Stavano seduti al tavolo vicino al mio. Il ristorante era accogliente, coi suoi elementi in legno e i mattoncini a vista, rendeva calda l’atmosfera.

Anche le luci regalavano giochi che per qualche istante avevano distolto la mia attenzione dall’intorno.

Ero sola. Chissà perché quella sera, avevo deciso di fermarmi a riposare dentro quel locale.

Non è voyeurismo quel guardare ciò che circonda quando si è in compagnia dei propri pensieri. Probabilmente si guarda senza vedere.

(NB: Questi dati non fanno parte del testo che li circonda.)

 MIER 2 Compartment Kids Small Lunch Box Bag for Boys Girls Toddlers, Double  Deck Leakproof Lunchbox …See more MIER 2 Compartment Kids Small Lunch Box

Al tavolo vicino un uomo e una donna. Forse il loro modo di parlare, di ridere, scherzare, mi incuriosì. Non potevo, né volevo ascoltare le loro parole.

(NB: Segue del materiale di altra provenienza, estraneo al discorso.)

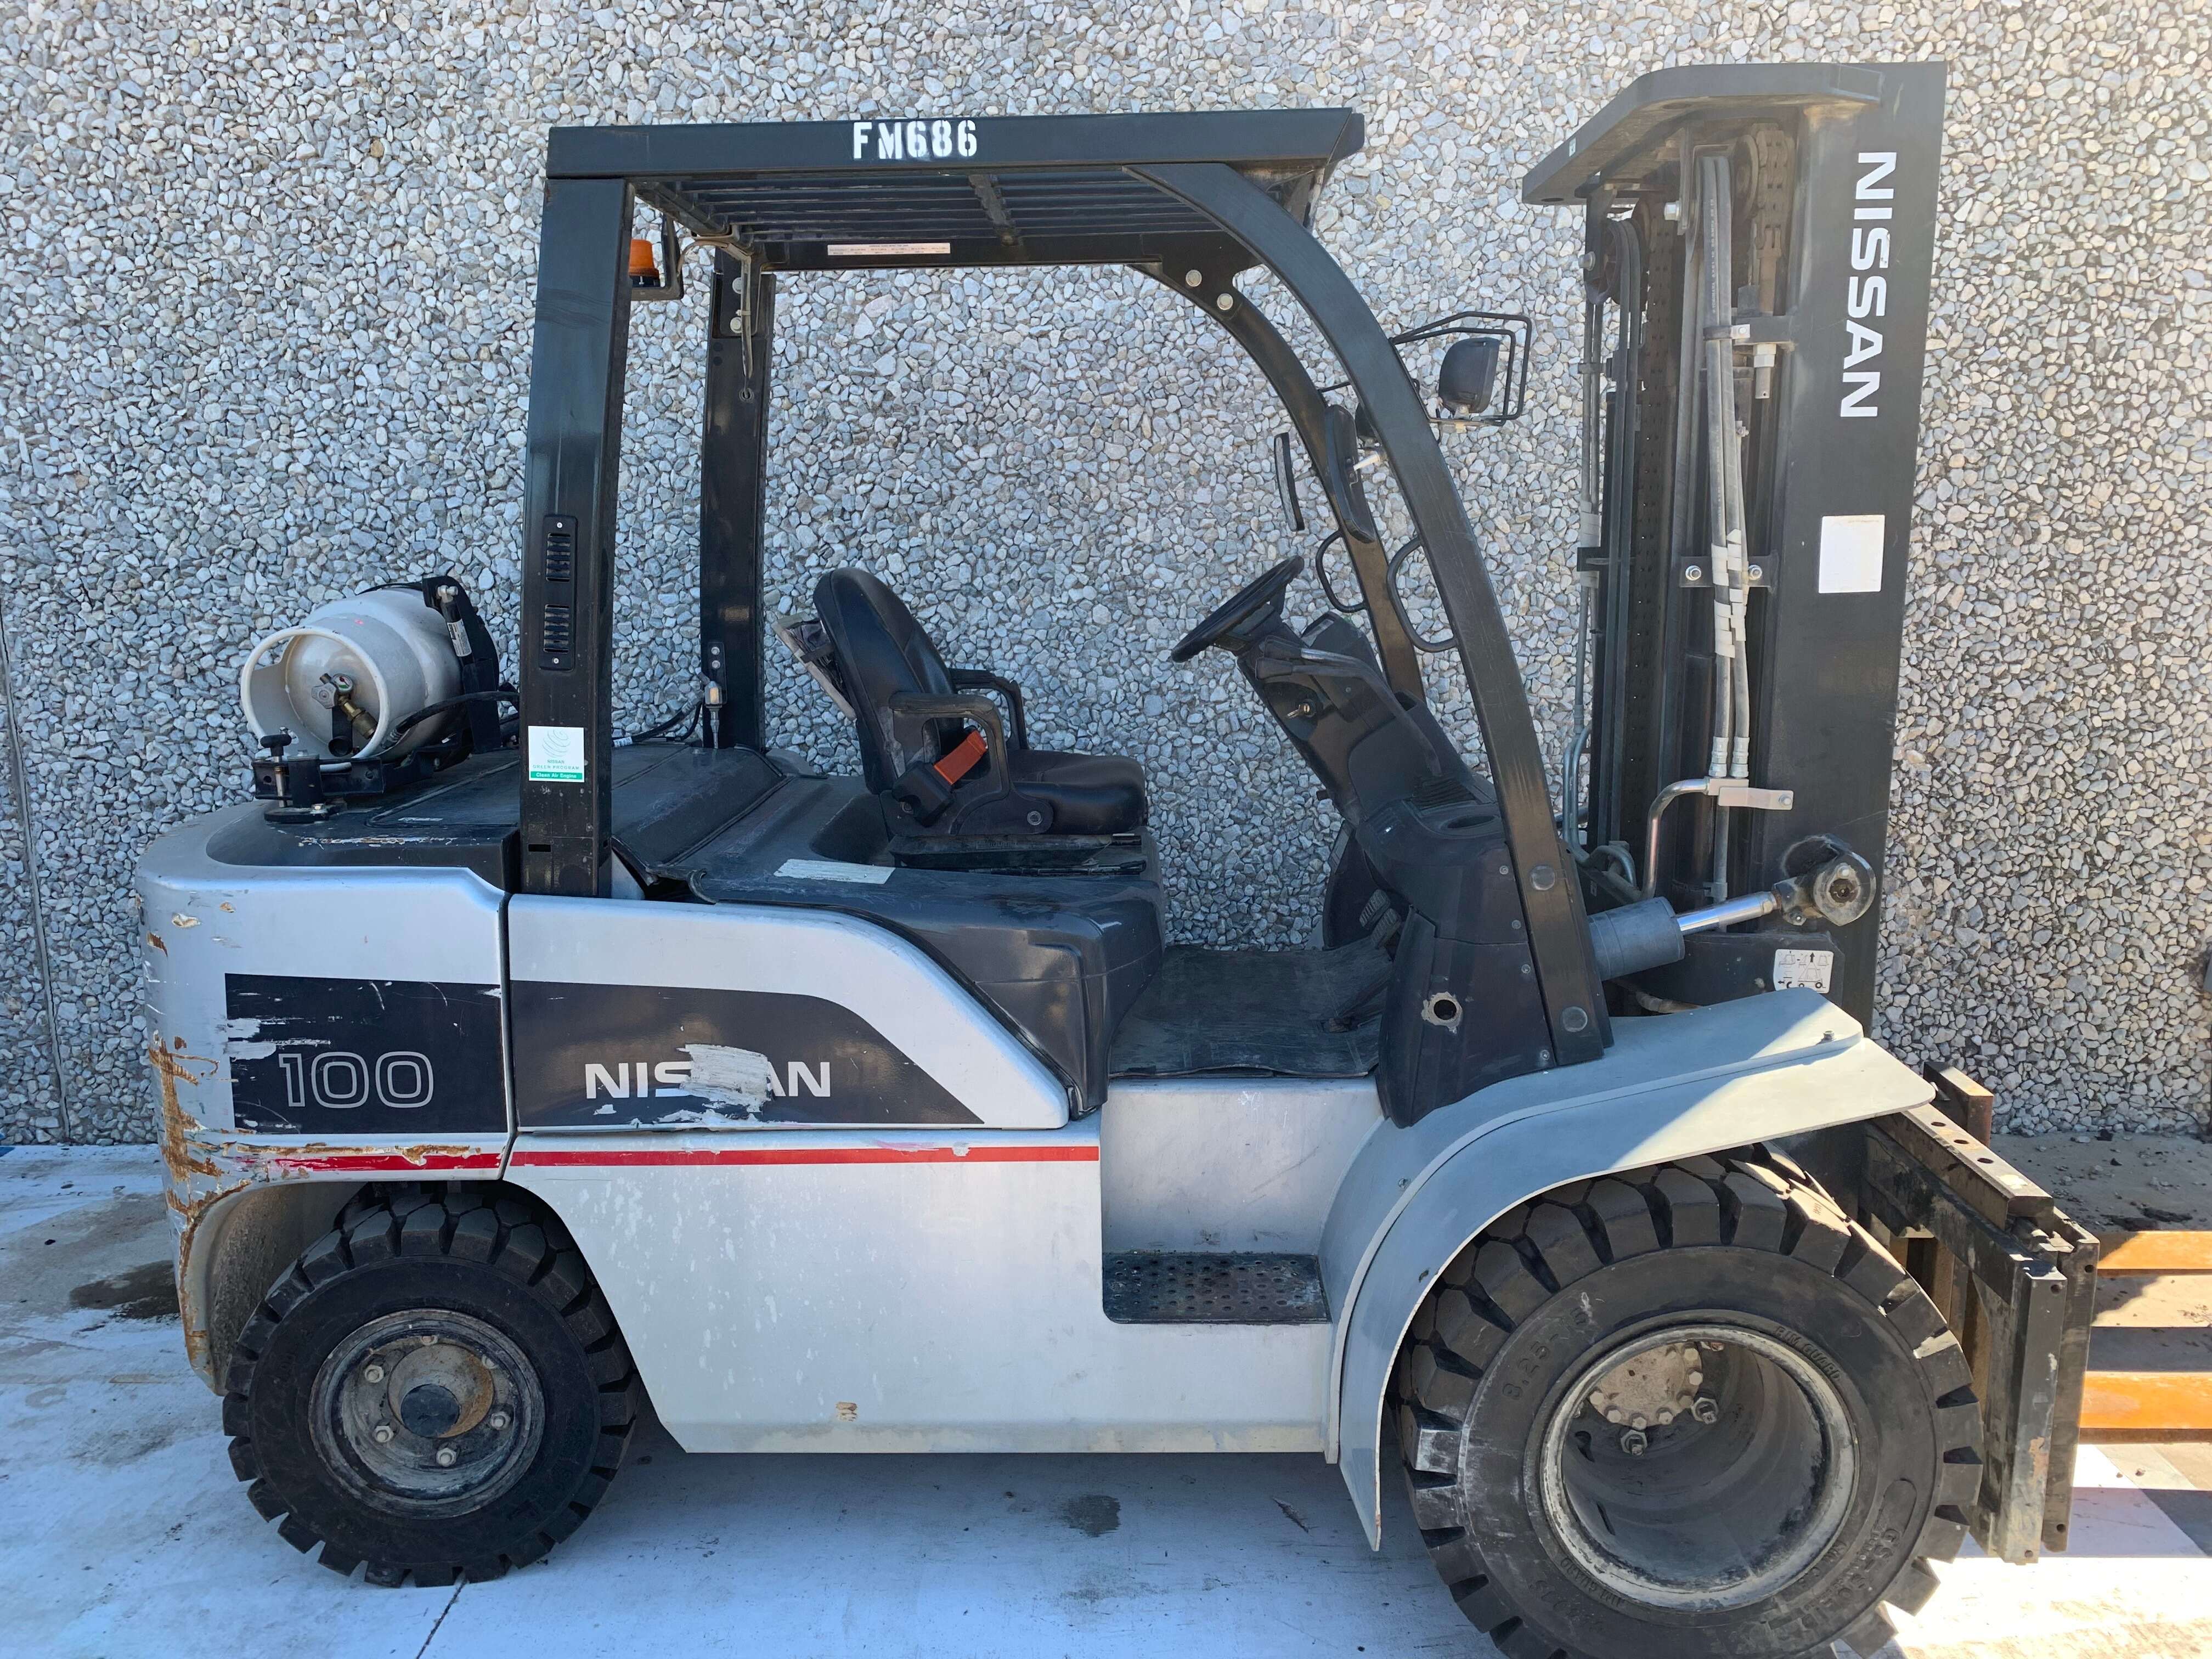 Nissan Pf100ylp Used Nissan Pf100ylp For Sale Used Forklift

Qualsiasi cosa si stessero dicendo li rendeva talmente complici da isolarli dal resto del mondo. Era un modo cameratesco di stare insieme, dividersi il cibo e assaggiare gli intingoli diversi che avevano nei piatti. E ridevano di gusto. Nel farlo, i loro occhi brillavano.

Quei due provavano un immenso piacere a stare seduti a quel tavolino, in quel momento.

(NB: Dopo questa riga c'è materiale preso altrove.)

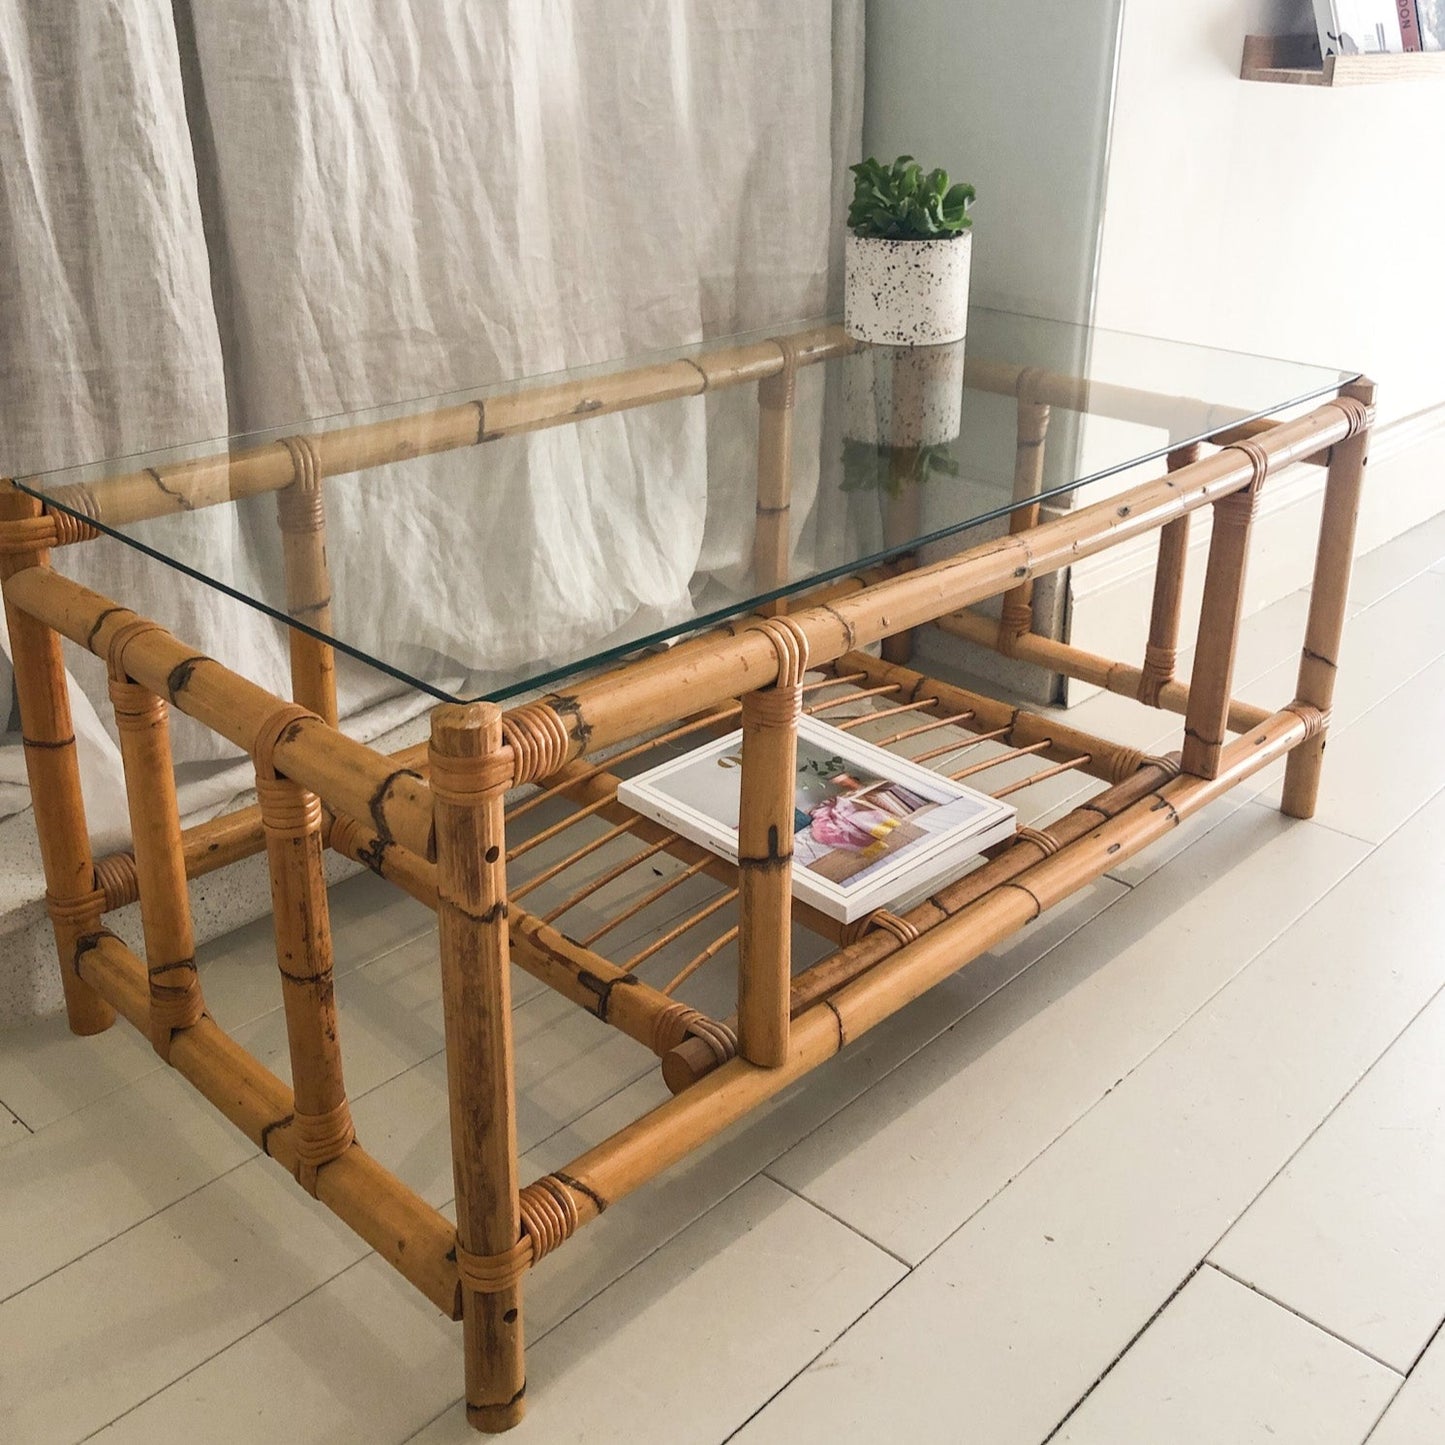 Vintage Glass & Bamboo Coffee Table with Shelf

La mia pizza nel piatto e la mia birra ghiacciata erano una magra compagnia nel mio desco solitario.

Non si sfioravano neppure. Mai una volta una mano aveva, sia pur accidentalmente, toccato l’altra. Tuttavia l’aria intorno risentiva dell’elettricità che promanava da loro e che io, spettatrice mio malgrado, percepivo tutta.

Mi chiedevo chi e cosa fossero l’uno per l’altra. Perché i loro occhi brillassero al riverbero delle bollicine dentro il loro bicchiere. Bevevano all’ unisono come se fosse un unico calice ove posare a turno le loro labbra.

Fingevo spesso di abbassare lo sguardo e di concentrarmi sui capperi e acciughe della mia eterna napoletana, sono io nei secoli fedele alla pizza che scelgo, nonostante ogni volta, andando nei ristoranti, legga attentamente il menu.

Eppure, una forza misteriosa mi chiamava a osservare con discrezione la mia coppia prediletta, come li avevo battezzati. Realizzai da piccoli indizi che non erano una coppia. Che erano lì per strane alchimie della vita o meglio del Fato, è bene chiamarlo così quando mescola le carte, prepara pozioni che serve poi sul piatto del personale destino.

Lei rideva felice a qualche battuta di lui e quel suono cristallino, sebbene spesso per pudore attutito, animava il sornione ritmo del tempo dentro il locale. Lui palesemente si beava di essere, anche per poco, il centro dell’universo e rideva di rimando con la spensieratezza che il vino e la donna gli trasmettevano.

Persino il cameriere, un uomo brizzolato e navigato conoscitore dell’animo degli avventori, pareva essere lì per completare il quadro. Ammiccante e partecipe, consigliava, portava, sparecchiava, versava. Chissà se anche lui si poneva mai domande. O se il rigore professionale gli imponeva di non vedere, non sentire, non sapere.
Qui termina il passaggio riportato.